Toch triest dat dit welvarende deel van de wereld kiest voor behoudzucht en marktgeloof en een overheid die het bedrijfsleven vrij wil laten en de burgers controleren. Soms begint de anarchist die ik als puber was weer in mij te fluisteren en droom ik van een biologisch-dynamische kaasmakerij in de diepe provincie, waar mijn vrouw met bloemen in heur haar rondloopt en ik mij om de schapen bekommer.

Als treinreiziger begrijp ik die wethouder van lang geleden trouwens wel. De NS zijn al lang geen staatsbedrijf meer, maar om nou te zeggen dat het ondernemerschap eraf druipt… De poortjes op Rotterdam Centraal zijn dichtgegaan om zwartrijden en agressie tegen te gaan en hebben daarmee de doodsklok geluid over de winkelstraat die de buik van het station is. Mijn dochter, die vorige week een boodschap in het station wilde doen, kwam stampvoetend terug, omdat ze er niet in mocht. Om naar de Etos te gaan moet je twintig euro op de ov-kaart hebben. Tieners hebben dat niet. En om die twintig piek er nou alleen maar op te zetten omdat de NS zichzelf hebben wijsgemaakt dat die poortjes een panacee zijn… (Tip voor zwartrijders: inchecken aan de voorkant van het station, uitchecken aan de achterkant en dan vrij reizen.)

Om de nieuwe maatregel in te voeren staan in Rotterdam Centraal zes, soms acht, beveiligingsmensen m/v bij de poortjes. Ondertussen werken conducteurs ’s avonds en ’s nachts alleen op de trein. Zouden die poortjescontroleurs niet beter af zijn op de treinen? Het is maar een ondernemeningsgezind ideetje van een kleine zelfstandige.

This too shall pass, ik weet het, en we zullen het accepteren, zoals camera’s op de hoek van de straat en preventief fouilleren (wat bij mij, vieux regime als ik ben, onmiddellijk ‘Ausweis, bitte’ oproept) en de krankzinnigheid die vluchtelingenopvang heet. In een gezellige sfeer van onderling wantrouwen – de overheid de burger, de burger de overheid – klungelen we verder, tot er niets meer te wantrouwen valt omdat inmiddels alles is gecontroleerd en ons alleen nog blind vertrouwen rest in de techniek en de goedertierenheid van degenen die boven ons gesteld zijn.

Die NS-poortjes zijn een technologische oplossing voor een maatschappelijk probleem, maar het probleem zelf neem je er niet mee weg. Het is symptomatisch voor het geloof in technologische panacees. Dat, en verkeerde zuinigheid, zadelt de samenleving op met bewakingscamera’s, data-archivering en meer technologisch vormgegeven wantrouwen. Ingenieurs mogen oplossen waar overheden, instellingen en bedrijven geen geld aan uit willen geven en trouwens ook niet wezenlijk in geïnteresseerd zijn, want te ingewikkeld en te duur.
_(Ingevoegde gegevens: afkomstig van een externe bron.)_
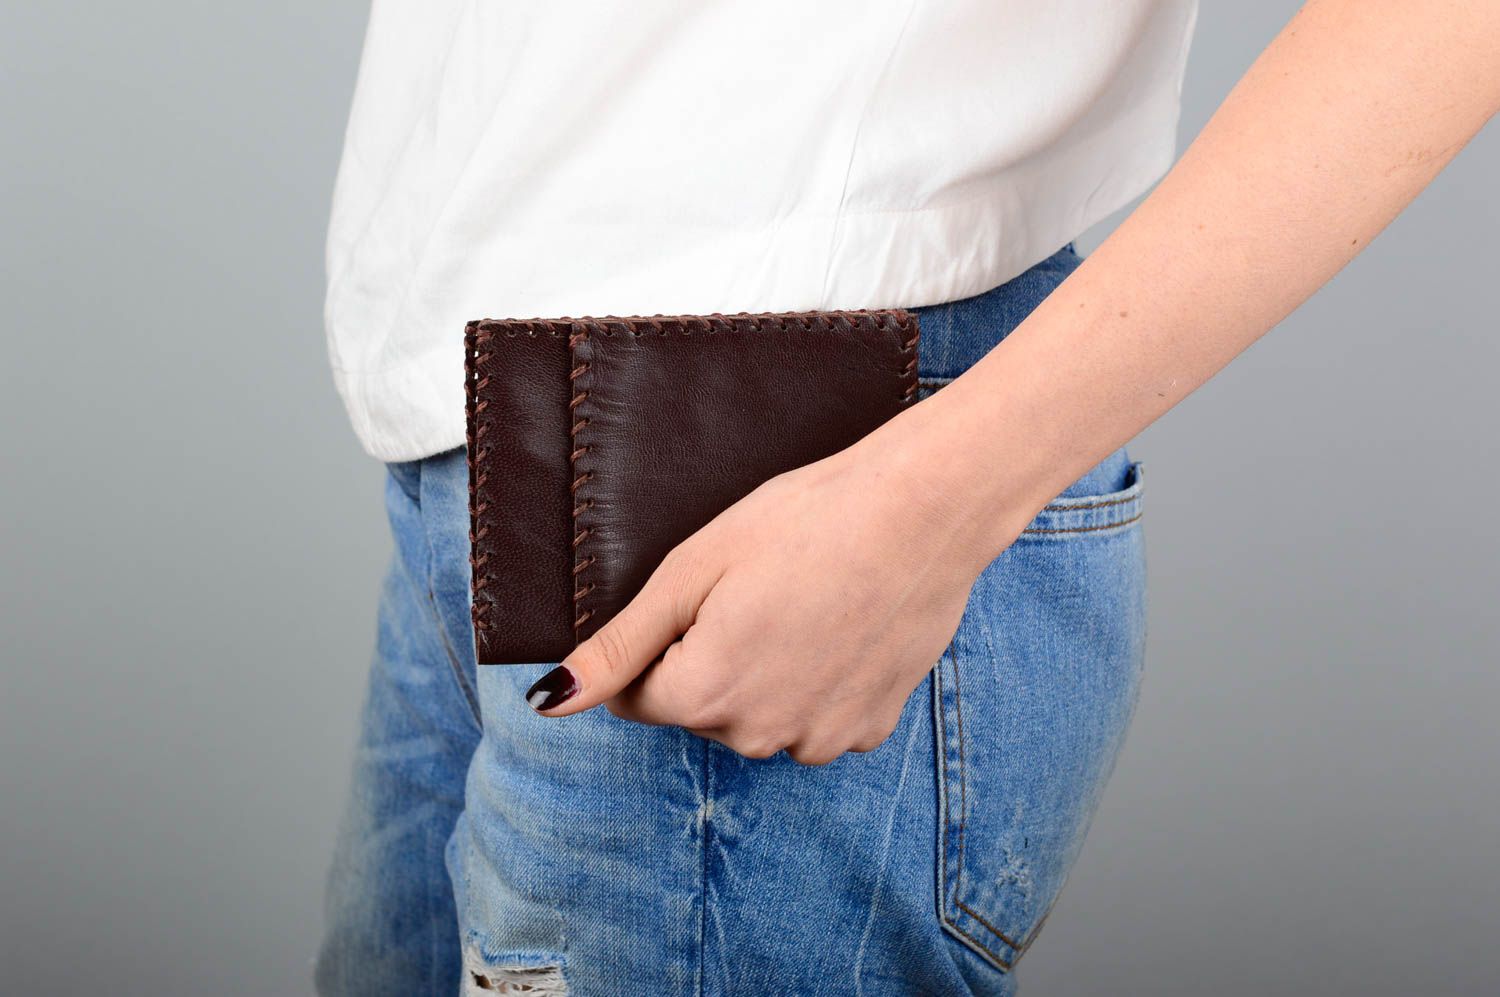 Кожаный кошелек портмоне прямоугольный коричневый красивый стильный хэнд мейд фото 5

Neem de voormalige nutsbedrijven. Die zijn, net als de NS, opgesplitst en nu kopen we gas, water of elektriciteit van X, die het vervoert over het netwerk van Y, die beheer en onderhoud heeft uitgegeven aan Z. Is allemaal nergens voor nodig en geeft alleen maar extra overhead, maar de goden van het marktdenken moeten af en toe met een offer tevreden worden gesteld.

Ik had er vorige week mee te maken toen we ineens geen water meer hadden. Toen ik belde om naar het hoe, waarom en hoe lang te vragen kreeg ik Robin aan de telefoon. Ik vroeg of ik eigenlijk wel met Evides verbonden was.

Om naar de Etos te gaan moet je twintig euro op de ov-kaart hebben

‘Ja, u zit in de overflow. U hoort hier niet binnen te komen.’

Er was een lek door werkzaamheden, hoe lang dat duurde kon Robin niet zeggen, maar de mannen ter plekke wisten misschien meer.

‘Misschien kunt u daarheen lopen.’

‘Er staat niets op de website onder storingen’, zei ik.

‘Nee’, zei Robin, met de gelatenheid van iemand die ook wel weet dat er nooit iets op die site staat, of te laat.

‘Volgens mij hebben ze het wel omgeroepen’, zei Robin.

‘Dat is sympathiek’, zei ik, ‘maar voor doven zoals ik werkt een website beter.’

Dat beaamde Robin, die overigens best vriendelijk was, en hij wenste mij nog een fijne dag. Ik stond voor het raam en bedacht dat ze dat tegenwoordig allemaal zeggen: nog een fijne dag. Volgens mij kon je een grafiek maken waarin de frequentie van ‘fijne dag-wensen’ omgekeerd evenredig was aan service voor burger en klant. Maar misschien dacht ik dat omdat het helemaal geen fijne dag was.